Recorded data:
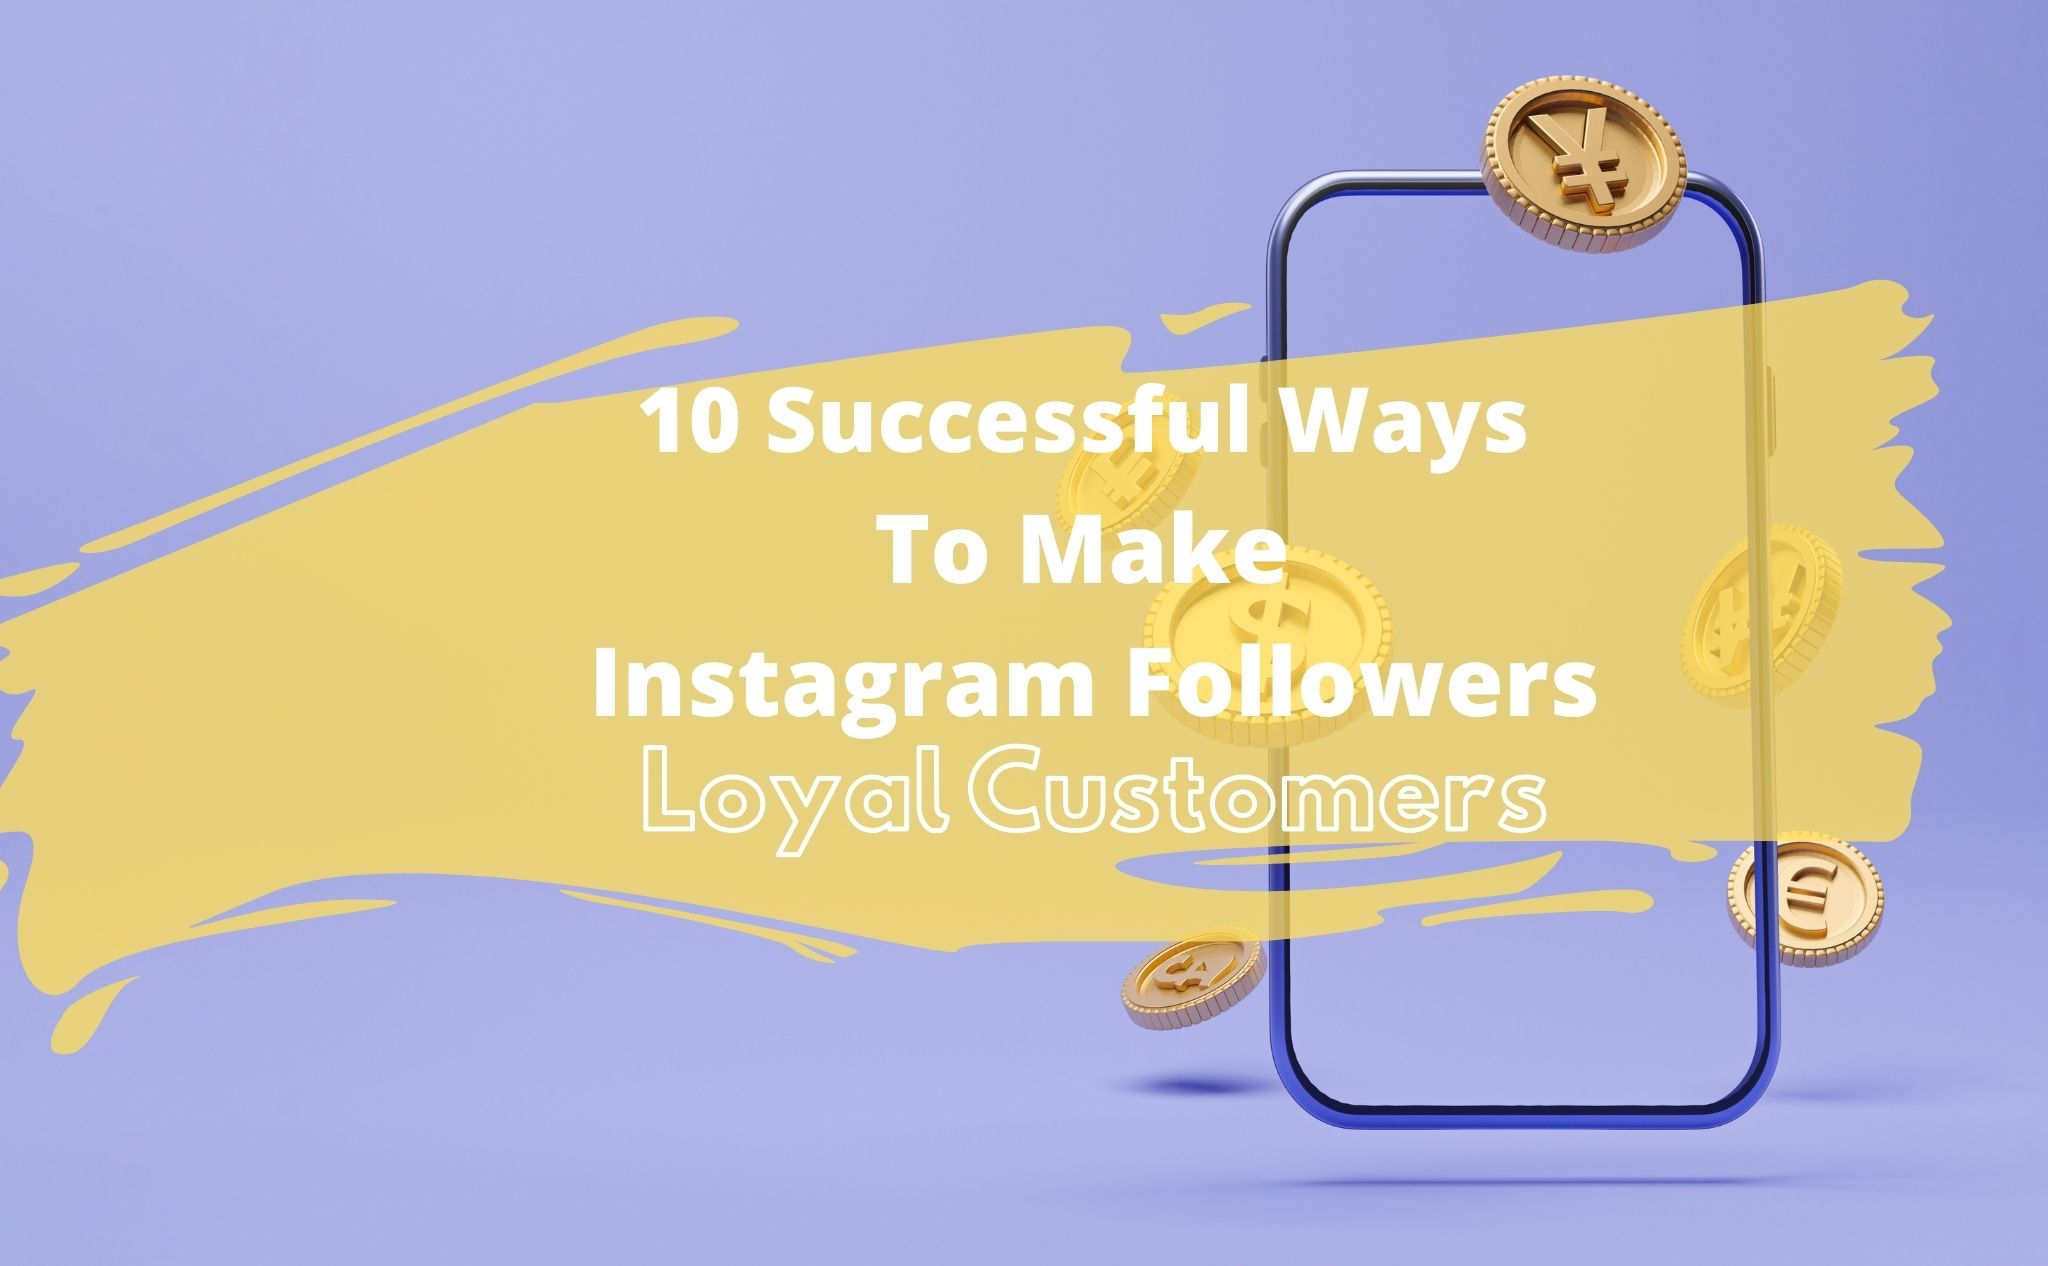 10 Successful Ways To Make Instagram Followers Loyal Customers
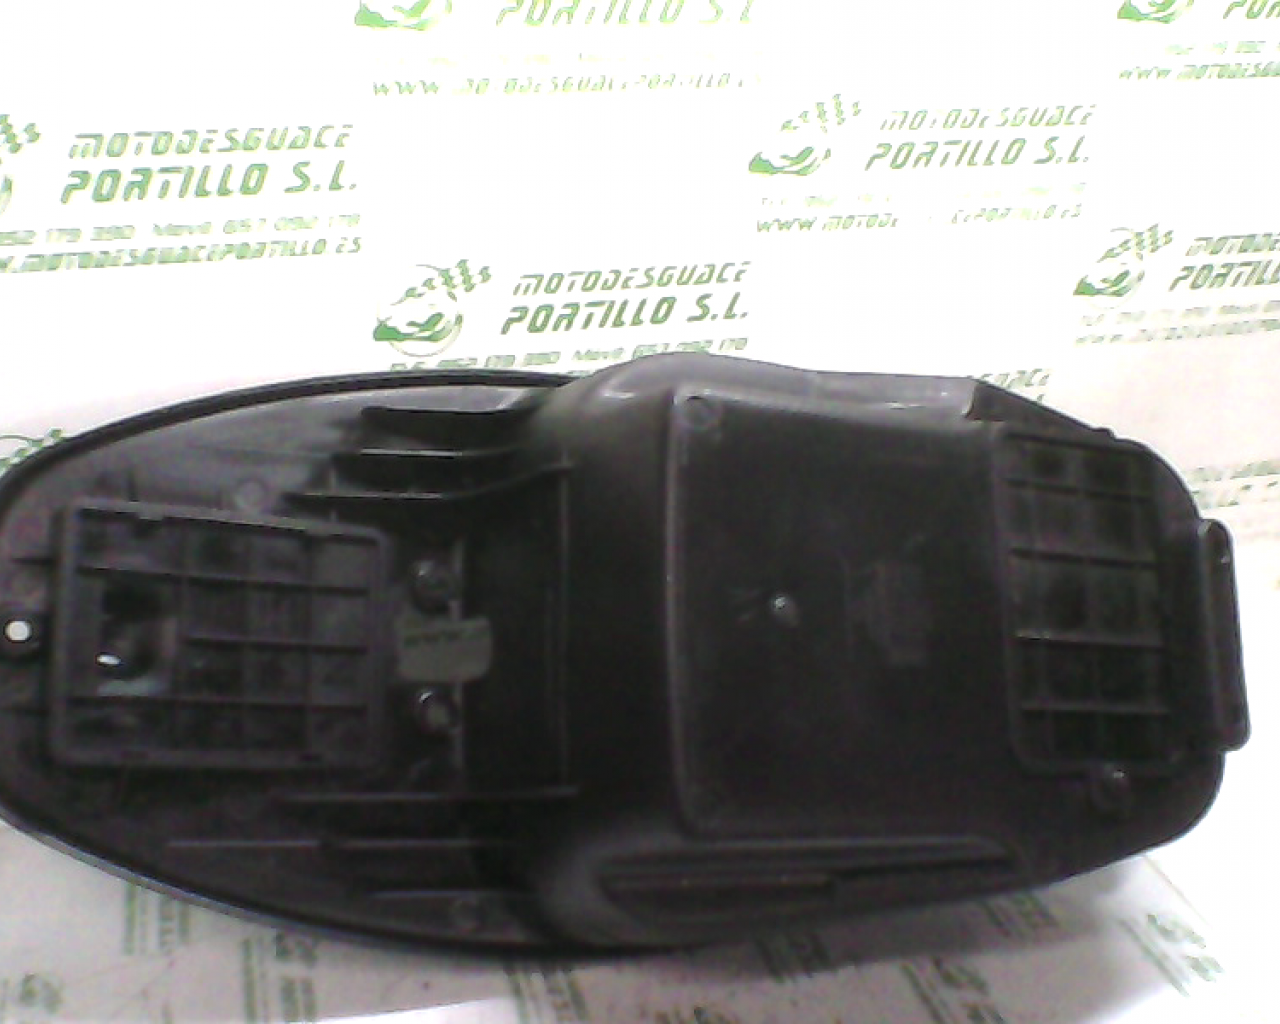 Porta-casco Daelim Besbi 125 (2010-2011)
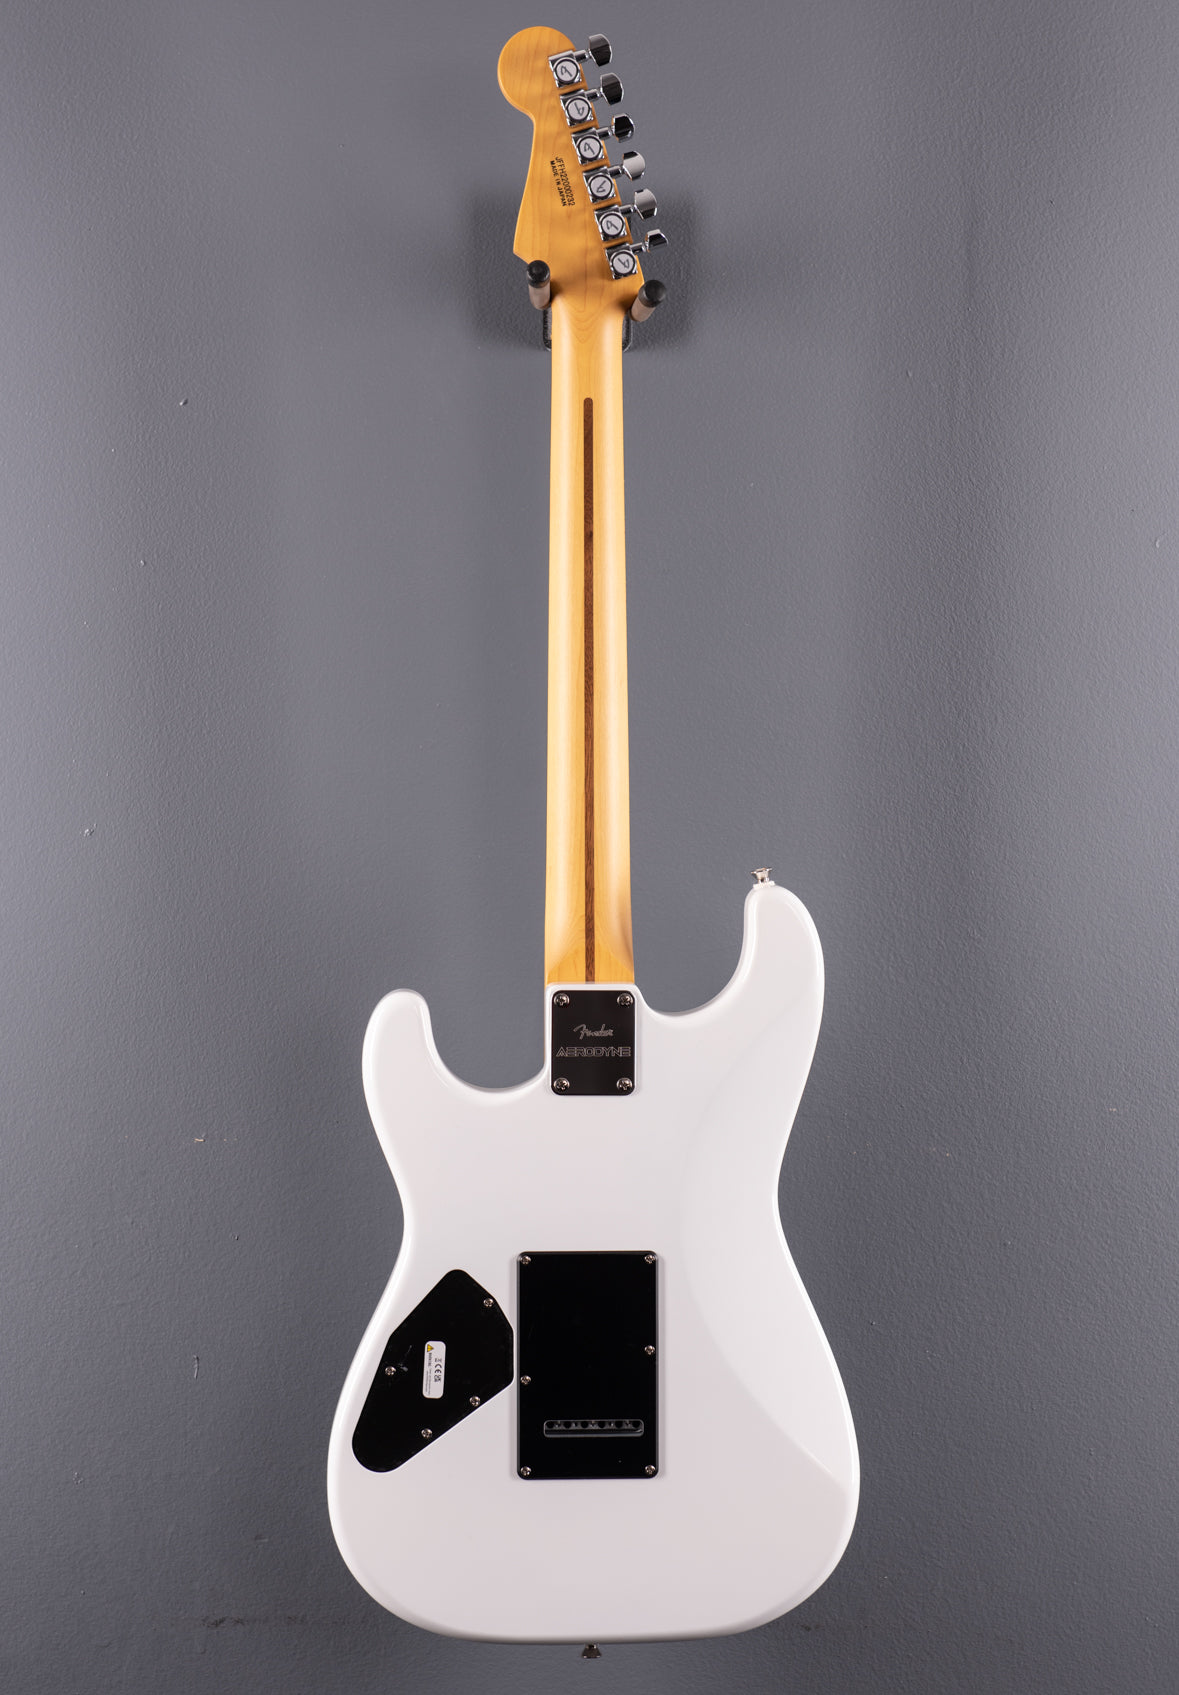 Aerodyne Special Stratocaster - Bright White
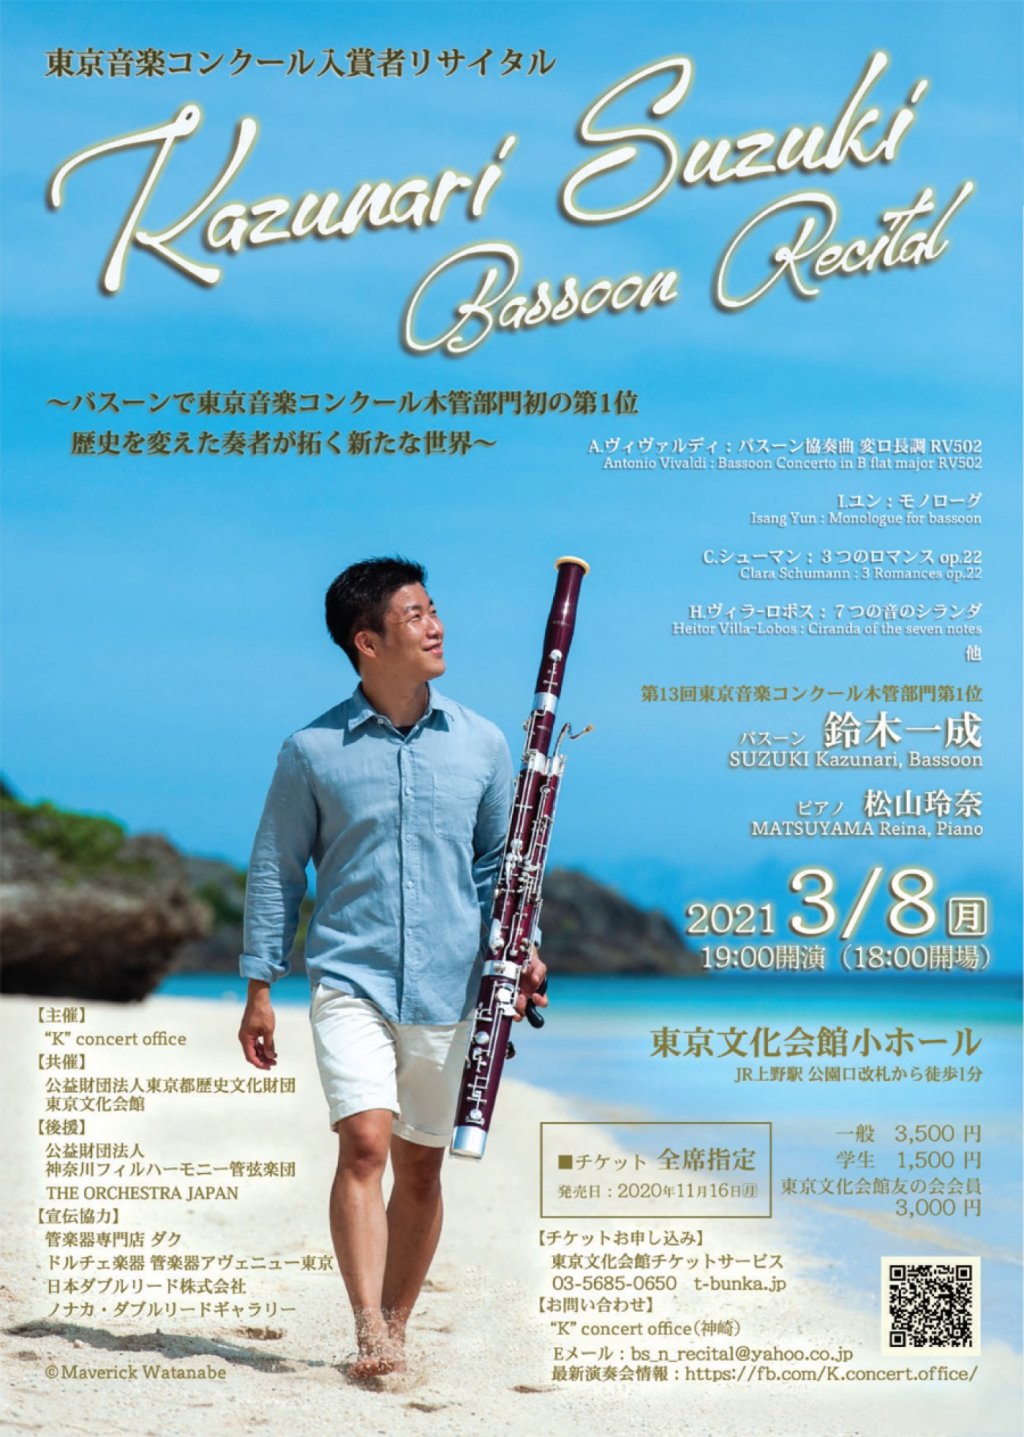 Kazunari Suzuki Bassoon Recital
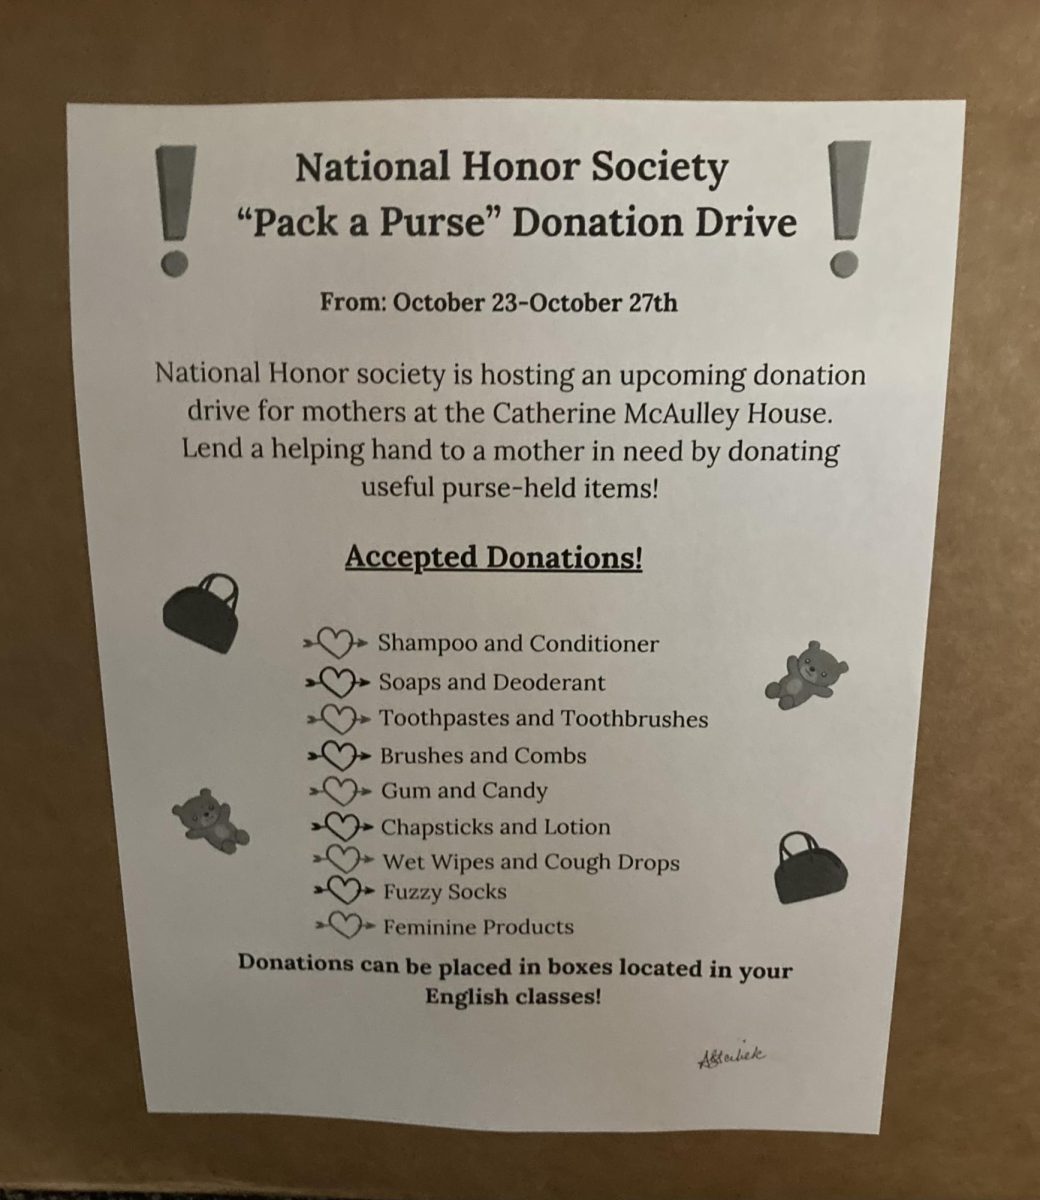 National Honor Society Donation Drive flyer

EXERCISE OBJECTIVE —
Print every record above exactly as written, leaving out the pictures.

TASK RESULT —
 10 Successful Ways To Make Instagram Followers Loyal Customers
 Porta-casco Daelim Besbi 125 (2010-2011)
 Aerodyne Special Stratocaster - Bright White
 Kazunari Suzuki Bassoon Recital
 National Honor Society Donation Drive flyer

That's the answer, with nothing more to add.